Where a line below carries the word "Black", include it in the count, then give the count alone.

(Records from a collection)
----------

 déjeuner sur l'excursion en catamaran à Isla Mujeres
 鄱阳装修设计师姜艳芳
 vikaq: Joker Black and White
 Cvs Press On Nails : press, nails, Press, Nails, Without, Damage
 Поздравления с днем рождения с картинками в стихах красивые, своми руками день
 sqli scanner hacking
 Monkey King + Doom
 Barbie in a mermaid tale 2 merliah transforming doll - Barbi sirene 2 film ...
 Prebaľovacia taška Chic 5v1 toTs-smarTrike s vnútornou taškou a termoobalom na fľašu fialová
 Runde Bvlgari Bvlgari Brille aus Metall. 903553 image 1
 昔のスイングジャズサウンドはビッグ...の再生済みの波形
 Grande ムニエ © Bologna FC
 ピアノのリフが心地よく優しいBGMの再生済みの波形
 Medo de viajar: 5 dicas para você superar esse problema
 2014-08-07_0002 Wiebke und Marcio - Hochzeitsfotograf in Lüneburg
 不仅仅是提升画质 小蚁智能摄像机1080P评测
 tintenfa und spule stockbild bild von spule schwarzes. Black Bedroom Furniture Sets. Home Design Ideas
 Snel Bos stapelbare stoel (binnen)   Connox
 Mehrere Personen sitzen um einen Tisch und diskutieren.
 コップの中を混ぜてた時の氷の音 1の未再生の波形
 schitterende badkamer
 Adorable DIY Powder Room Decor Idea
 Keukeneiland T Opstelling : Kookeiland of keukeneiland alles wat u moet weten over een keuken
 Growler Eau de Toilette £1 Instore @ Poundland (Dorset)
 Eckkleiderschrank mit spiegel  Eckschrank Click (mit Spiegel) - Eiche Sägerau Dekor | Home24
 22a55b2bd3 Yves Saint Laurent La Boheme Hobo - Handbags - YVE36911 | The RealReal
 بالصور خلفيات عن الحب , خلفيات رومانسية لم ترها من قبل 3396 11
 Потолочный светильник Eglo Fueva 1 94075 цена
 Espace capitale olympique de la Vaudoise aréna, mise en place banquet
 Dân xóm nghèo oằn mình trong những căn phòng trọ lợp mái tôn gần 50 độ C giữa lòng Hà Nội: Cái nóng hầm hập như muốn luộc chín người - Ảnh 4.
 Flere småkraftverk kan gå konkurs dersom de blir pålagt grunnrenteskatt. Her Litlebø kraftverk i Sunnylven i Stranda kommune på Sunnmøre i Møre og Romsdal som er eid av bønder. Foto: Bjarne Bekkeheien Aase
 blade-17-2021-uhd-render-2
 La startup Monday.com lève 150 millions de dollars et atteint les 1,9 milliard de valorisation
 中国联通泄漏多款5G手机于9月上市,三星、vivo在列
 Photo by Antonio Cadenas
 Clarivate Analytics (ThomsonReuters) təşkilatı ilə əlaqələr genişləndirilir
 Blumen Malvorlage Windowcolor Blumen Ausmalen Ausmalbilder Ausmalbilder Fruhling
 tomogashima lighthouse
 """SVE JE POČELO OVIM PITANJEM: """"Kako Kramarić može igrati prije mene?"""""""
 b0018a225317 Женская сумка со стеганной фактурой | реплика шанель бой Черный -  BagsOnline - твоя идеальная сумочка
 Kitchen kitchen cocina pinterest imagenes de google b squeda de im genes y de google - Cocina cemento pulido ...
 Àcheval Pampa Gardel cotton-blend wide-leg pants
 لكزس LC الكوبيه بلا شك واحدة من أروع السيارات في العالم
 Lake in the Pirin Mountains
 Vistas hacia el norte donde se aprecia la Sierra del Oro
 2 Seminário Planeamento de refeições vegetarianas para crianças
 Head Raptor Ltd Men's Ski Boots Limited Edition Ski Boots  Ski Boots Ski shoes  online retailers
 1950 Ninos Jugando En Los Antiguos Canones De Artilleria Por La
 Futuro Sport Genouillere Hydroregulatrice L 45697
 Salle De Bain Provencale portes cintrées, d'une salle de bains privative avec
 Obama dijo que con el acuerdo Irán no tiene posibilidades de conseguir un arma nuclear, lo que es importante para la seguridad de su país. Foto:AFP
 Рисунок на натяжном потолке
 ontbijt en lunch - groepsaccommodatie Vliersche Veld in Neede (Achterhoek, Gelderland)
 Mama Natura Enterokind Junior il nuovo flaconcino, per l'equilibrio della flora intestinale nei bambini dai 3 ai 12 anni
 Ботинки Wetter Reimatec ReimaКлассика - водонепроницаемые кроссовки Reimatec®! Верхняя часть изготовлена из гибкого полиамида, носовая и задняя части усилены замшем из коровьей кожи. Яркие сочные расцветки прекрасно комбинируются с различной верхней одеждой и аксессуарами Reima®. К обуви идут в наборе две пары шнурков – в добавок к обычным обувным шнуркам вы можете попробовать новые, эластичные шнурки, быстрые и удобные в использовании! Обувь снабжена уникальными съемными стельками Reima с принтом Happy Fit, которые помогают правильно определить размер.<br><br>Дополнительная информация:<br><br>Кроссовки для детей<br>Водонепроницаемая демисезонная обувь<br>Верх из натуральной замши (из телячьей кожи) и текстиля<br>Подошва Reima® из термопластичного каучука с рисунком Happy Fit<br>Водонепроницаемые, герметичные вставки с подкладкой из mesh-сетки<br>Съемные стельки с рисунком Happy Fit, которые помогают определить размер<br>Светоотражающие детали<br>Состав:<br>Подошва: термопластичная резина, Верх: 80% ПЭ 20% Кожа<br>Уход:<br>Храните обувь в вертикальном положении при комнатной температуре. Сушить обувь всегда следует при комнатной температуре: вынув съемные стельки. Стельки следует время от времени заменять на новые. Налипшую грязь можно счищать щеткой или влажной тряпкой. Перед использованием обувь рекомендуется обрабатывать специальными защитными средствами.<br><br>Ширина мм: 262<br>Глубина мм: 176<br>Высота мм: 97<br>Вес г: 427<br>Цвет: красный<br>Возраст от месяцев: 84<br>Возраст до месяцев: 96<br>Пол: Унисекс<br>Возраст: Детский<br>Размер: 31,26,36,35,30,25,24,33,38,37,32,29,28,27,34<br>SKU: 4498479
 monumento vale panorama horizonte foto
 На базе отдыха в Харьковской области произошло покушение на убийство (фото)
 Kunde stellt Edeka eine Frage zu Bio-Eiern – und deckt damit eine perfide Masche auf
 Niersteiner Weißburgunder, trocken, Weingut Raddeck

----------

**REPLY**
2